Pós-graduação é trabalho!
19/08/2020Por Luciano Rocha
Em 2019 assistimos a uma série de protestos contra os cortes na educação, promovidos pelo governo Bolsonaro, que atingiram diretamente os programas de pós-graduação das universidades brasileiras. O CNPq teve o menor orçamento desde 2010 e a CAPES cortou cerca de 8 mil bolsas, inviabilizando pesquisas e destinando pós-graduandos ao desemprego. Este cenário de desmonte continua em 2020, ainda que ofuscado pela crise sanitária que vivemos. É desanimador para os pesquisadores ver que essas medidas encontram algum apoio na sociedade. No entanto, é preciso entender que esse é apenas um sintoma de um projeto político-econômico que não reconhece a pós-graduação como um trabalho.
95% da produção científica no Brasil é feita em universidades públicas, sendo 80% realizada por pós-graduandos. Assim, os pós-graduandos formam a massa de trabalho que atua em ciência e tecnologia. Olhando por esta perspectiva, fica claro o quão absurdo é o fato de metade desses pesquisadores não receberem salário. Estamos falando, portanto, de um trabalho de excelência não remunerado. Quando pago, o salário desses trabalhadores é comumente chamado de “bolsa”. Mas veja que, em geral, usamos o termo “bolsa” para falar de uma ajuda financeira para pessoas vulneráveis sem cobrar grandes contrapartidas, e esse definitivamente não é o caso. Quando o salário não é visto como salário, ele parece um favor facultativo.

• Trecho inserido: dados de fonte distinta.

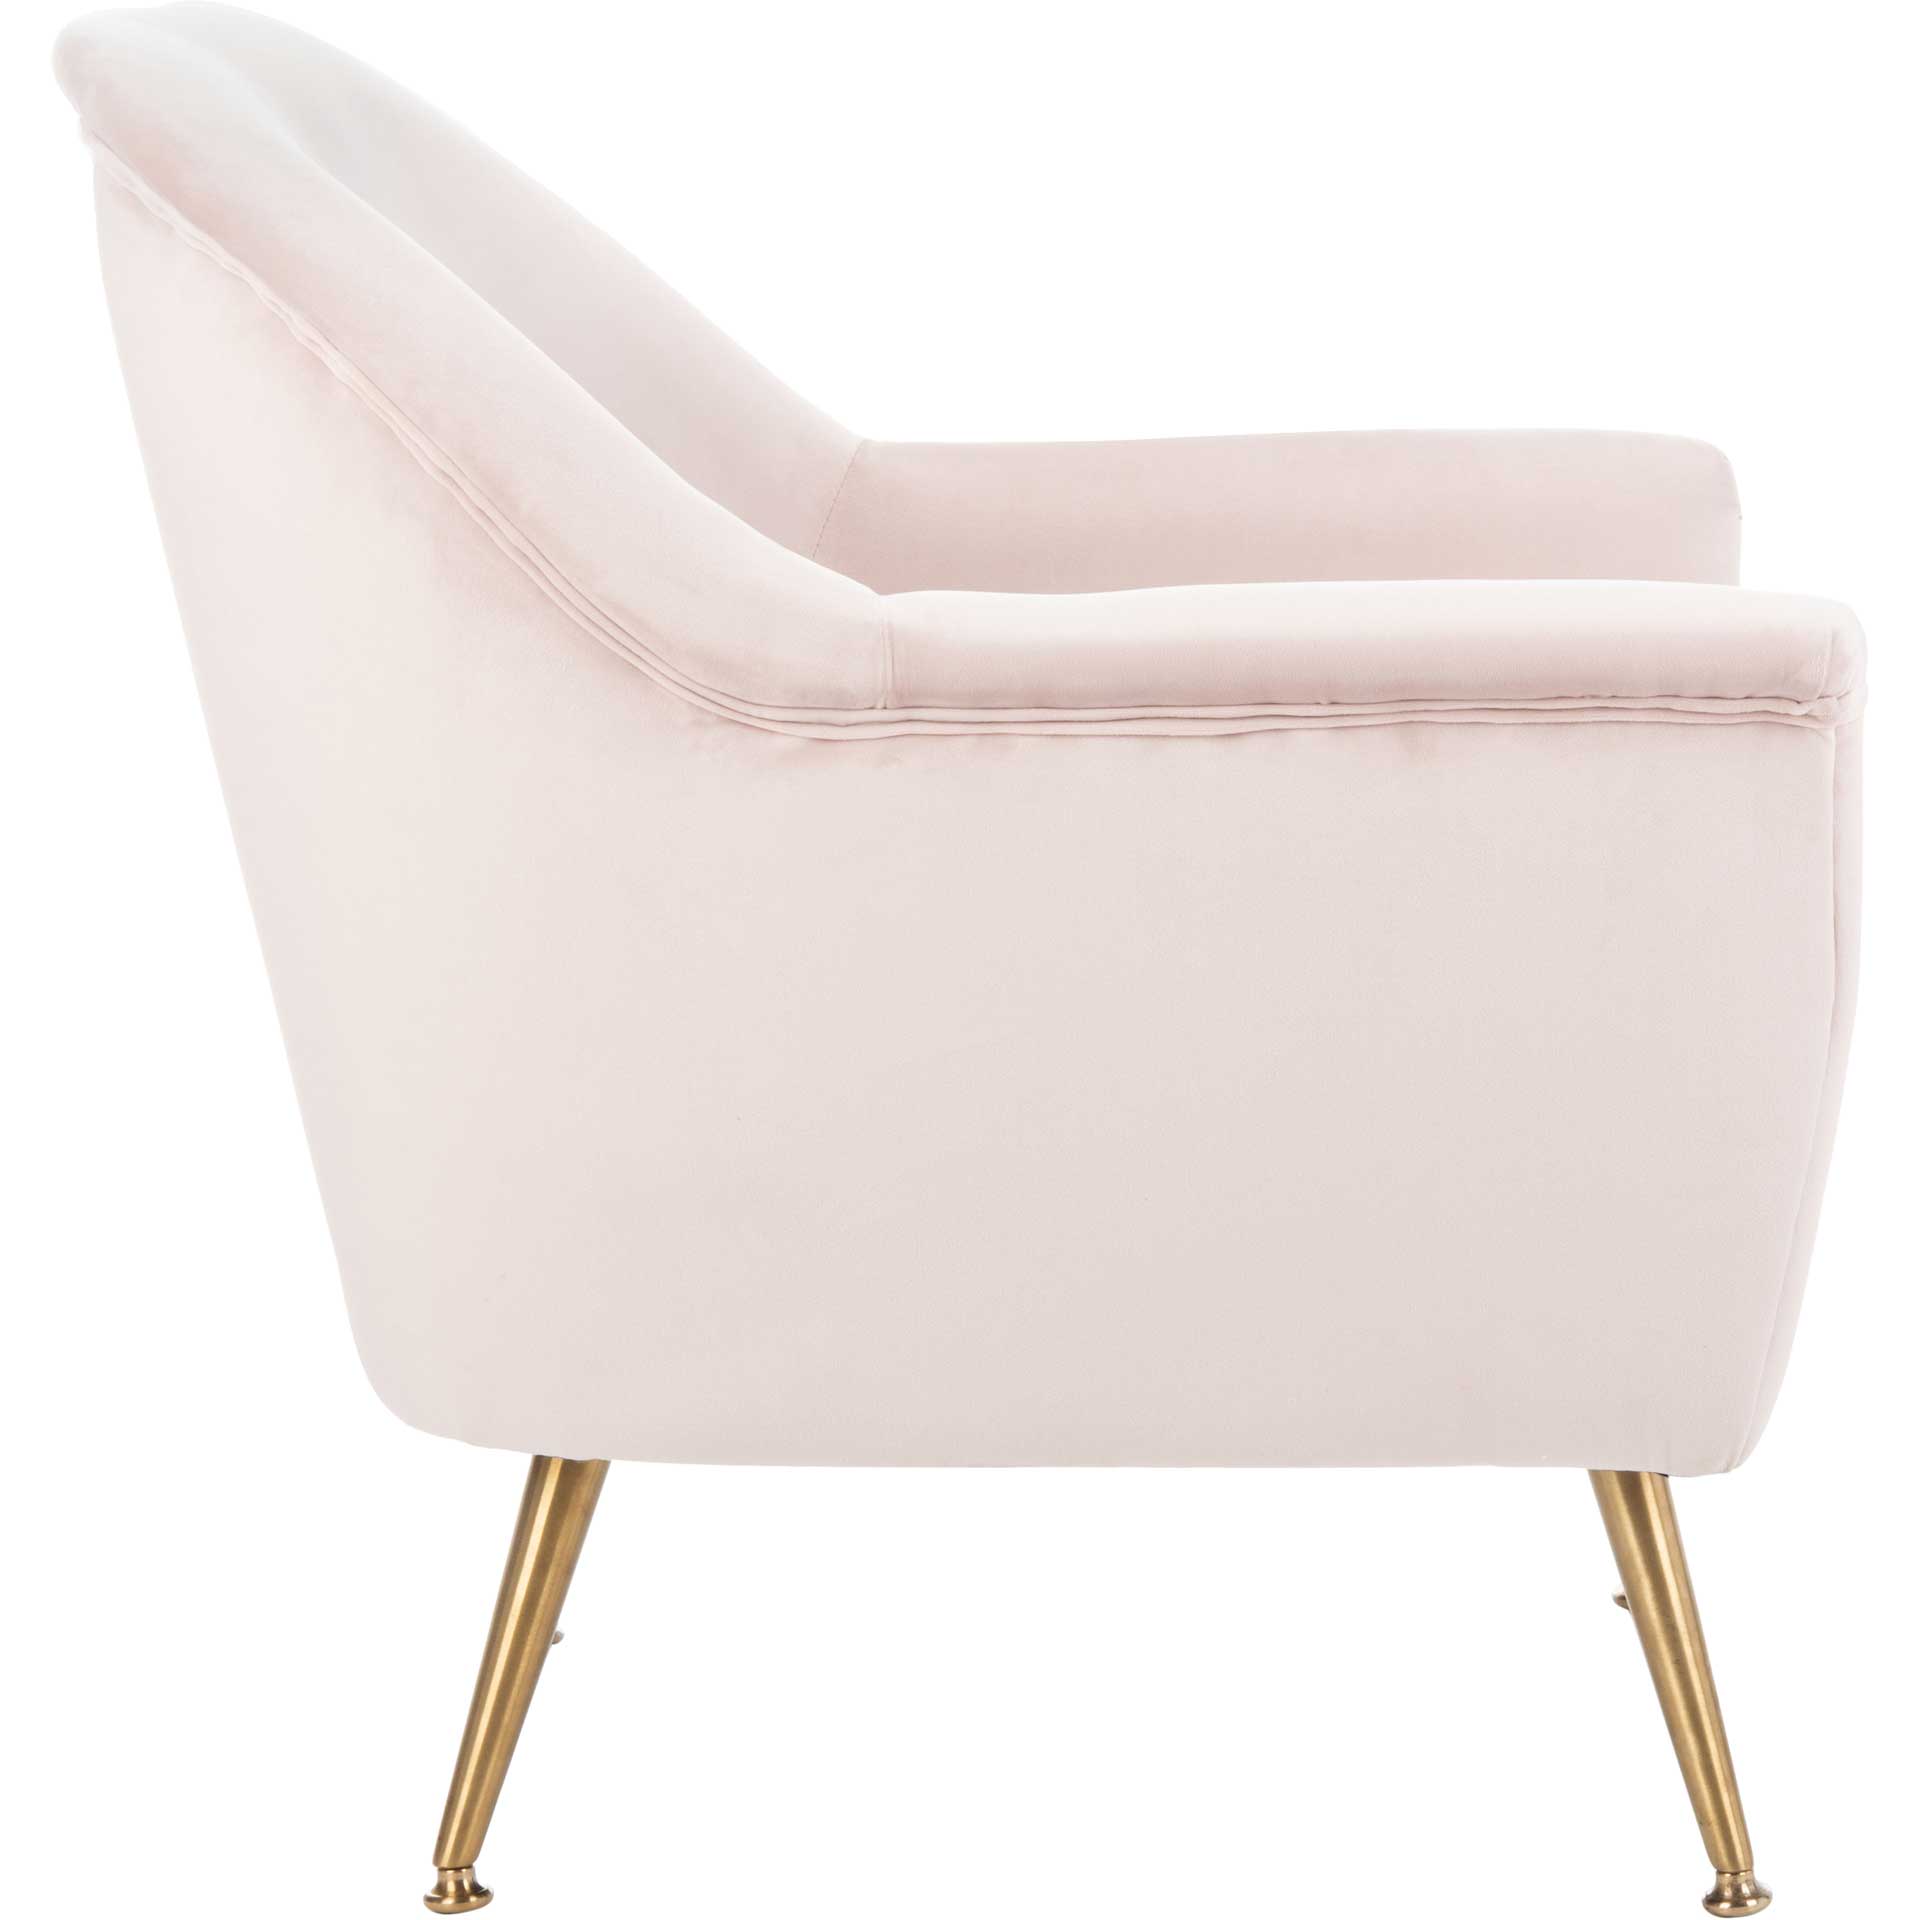 Brendan Mid Century Arm Chair Blush Pink/Brass

As duas maiores agências de fomento de pesquisa são as federais CNPq e CAPES, que não reajustam os valores pagos aos pesquisadores desde abril de 2013, nem mesmo para corrigir a inflação. Para ter-se uma ideia, na época o salário mínimo era de R$678,00. Isso representa uma desvalorização de 40% no salário de pós-graduandos no período. Mesmo assim, é exigida dedicação exclusiva dos bolsistas. Isto é, mesmo com um salário extremamente defasado, é vedada a busca por uma forma de complementá-lo, como fazem muitos brasileiros que possuem seus salários igualmente defasados.
Quando o trabalho não é visto como trabalho, direitos trabalhistas parecem indevidos. Deste modo, o pós-graduando não possui direito a férias, 13º salário, FGTS, afastamento por doenças ou mesmo contribuição para a previdência social. A licença-maternidade só foi regulamentada pela CAPES em 2018 e a licença-paternidade não existe.
Ainda assim, o Brasil está na 13ª posição em produção científica global, em um ranking com 190 países. Isso deve-se em grande parte aos pós-graduandos que, mesmo tão desvalorizados e enfrentando um ambiente hostil, conseguem dar prosseguimento ao desenvolvimento científico do país.
A pós-graduação é um trabalho e precisa ser visto como tal. É um passo imprescindível para que o nosso país tenha um sólido programa de desenvolvimento científico e tecnológico. Pós-graduandos do Brasil, uni-vos!